> [What you are asked to do]: Skip the pictures. Output only the lines below starting at the line with "The marginal people" and ending at the line with "2022 Review & 2023 Outlook", both ends included, exactly as they are.

Records for the task section start

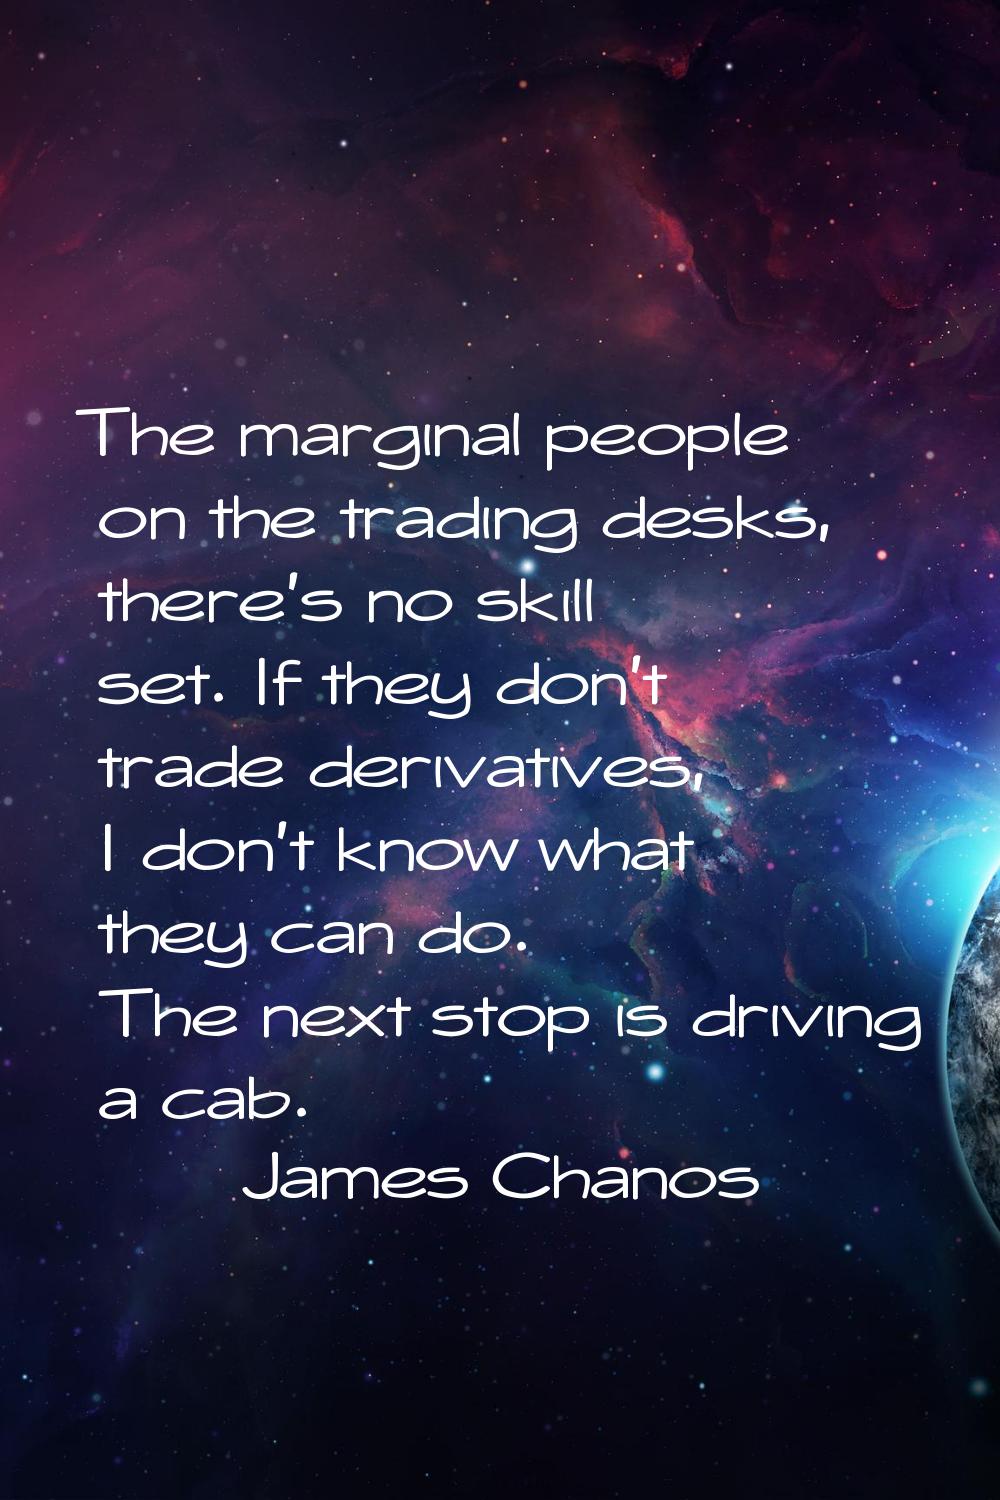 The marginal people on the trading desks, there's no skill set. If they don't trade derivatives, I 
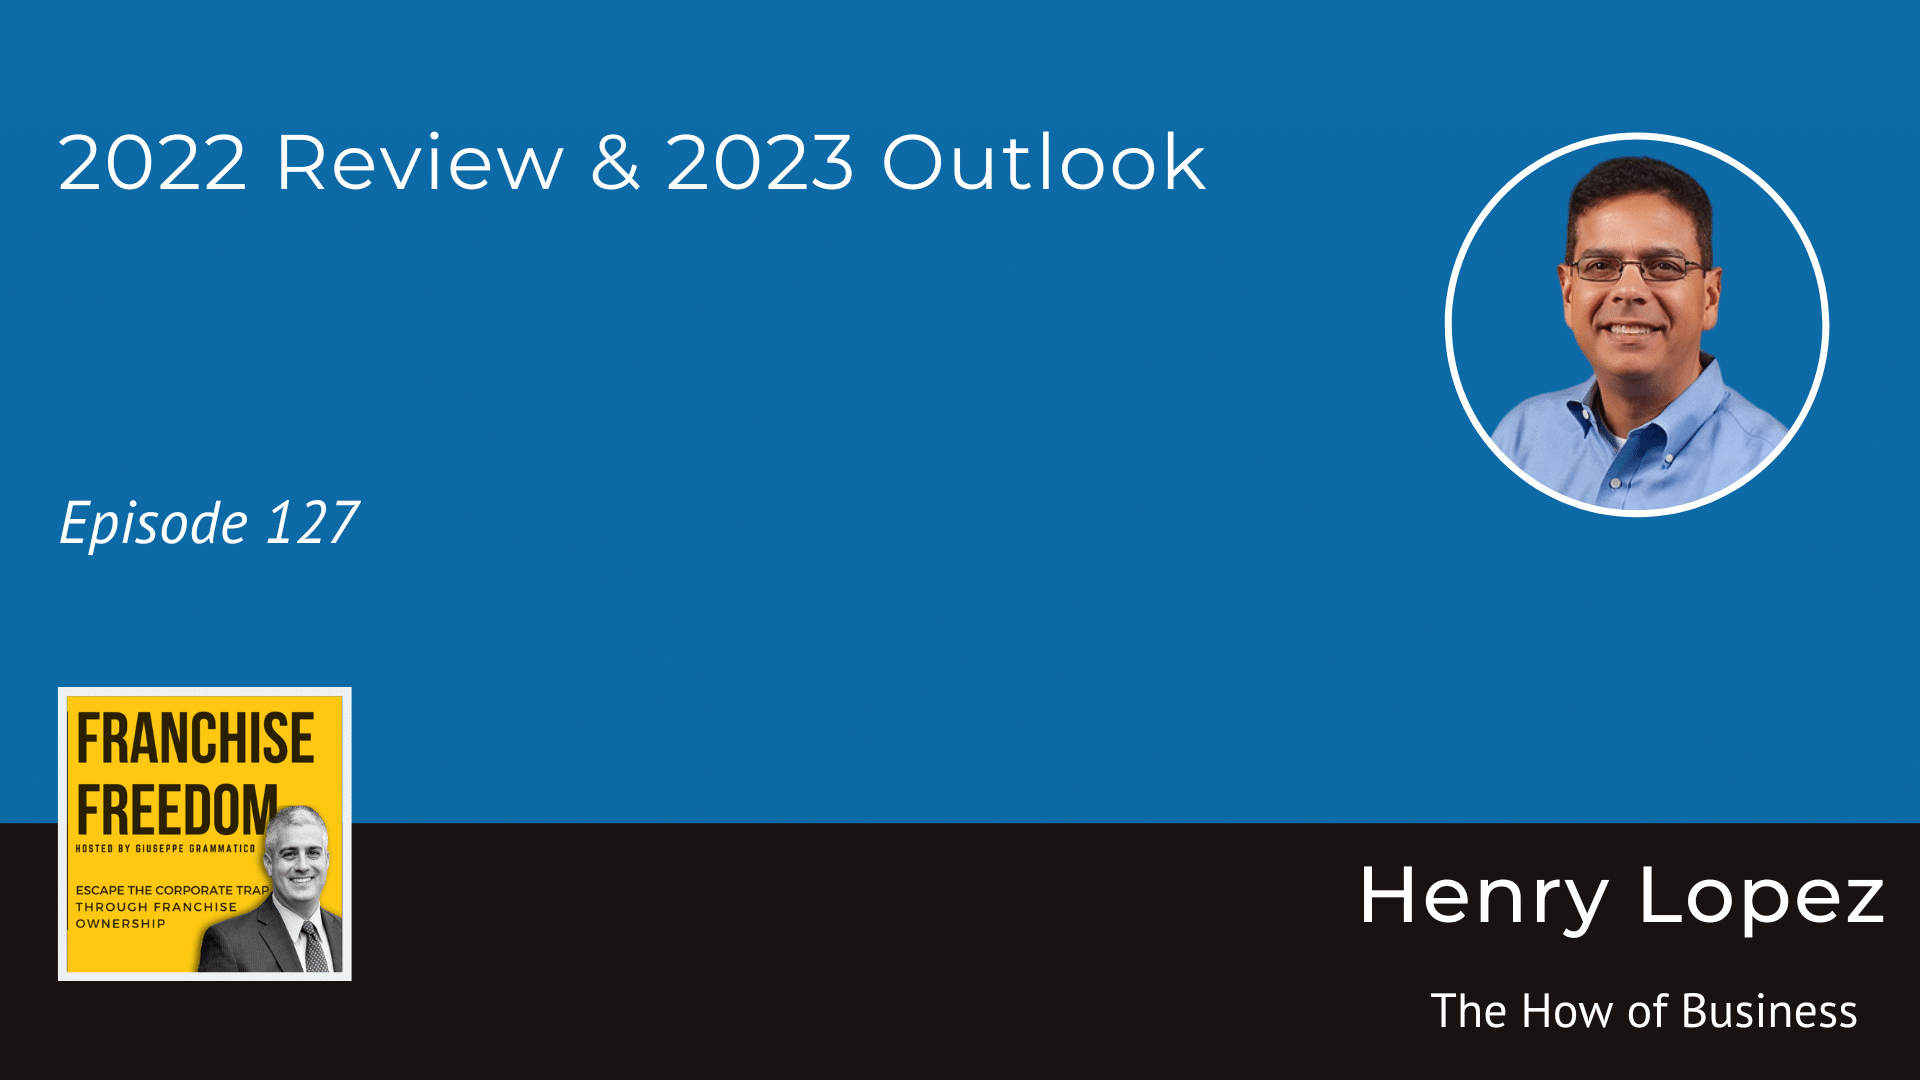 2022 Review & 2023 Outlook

Records for the task section end
Records for the task section start

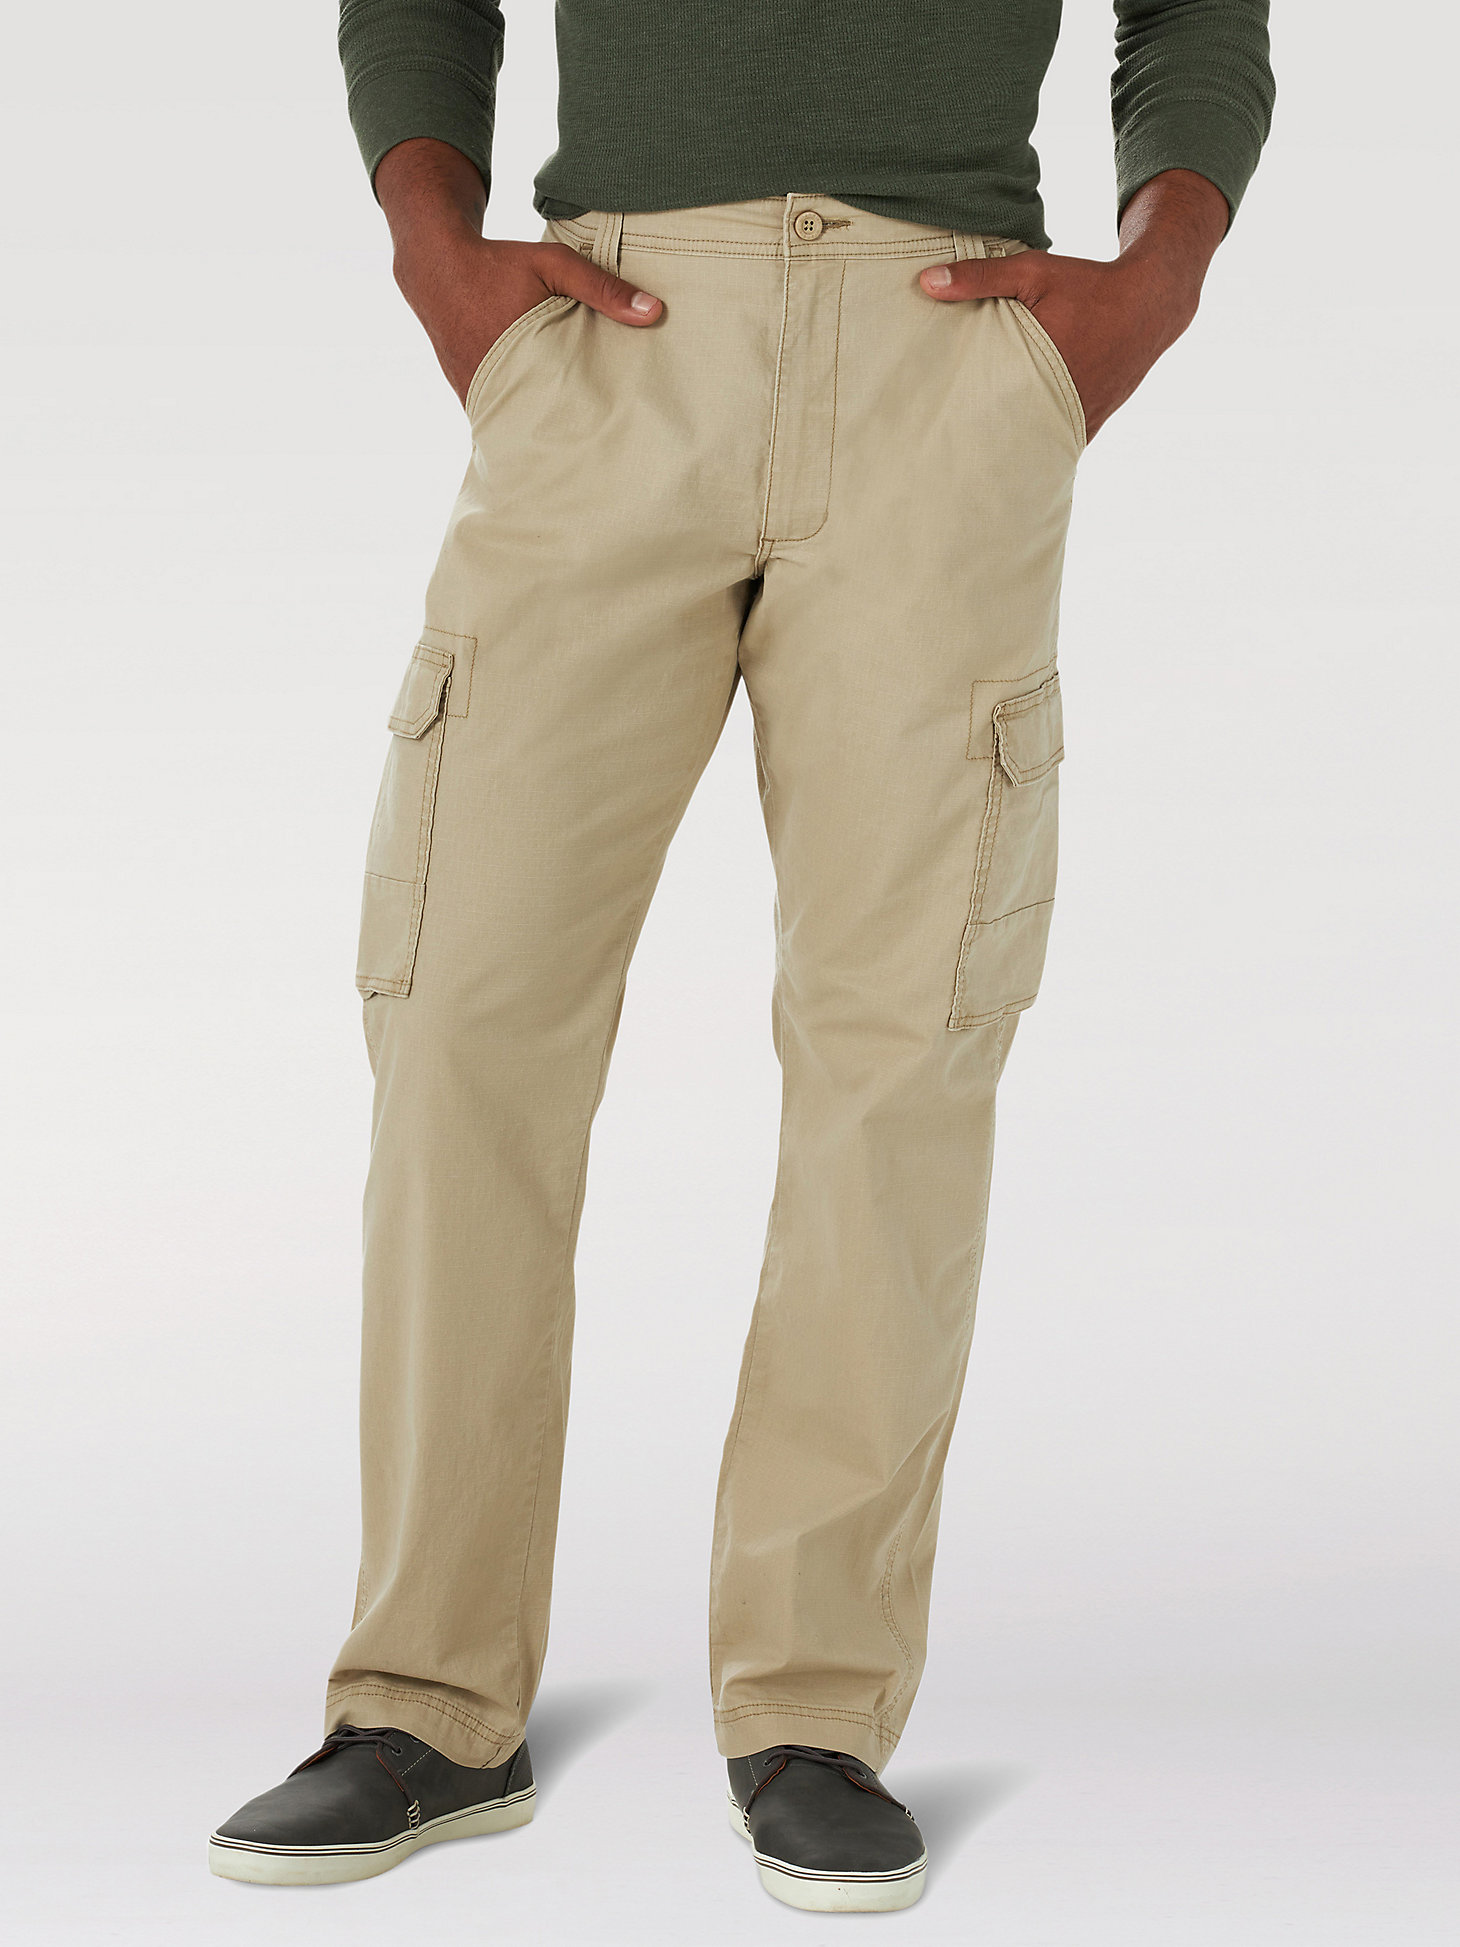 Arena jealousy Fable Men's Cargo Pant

Records for the task section end

> [Answer to the exercise]:
 The marginal people on the trading desks, there's no skill set. If they don't trade derivatives, I 
 2022 Review & 2023 Outlook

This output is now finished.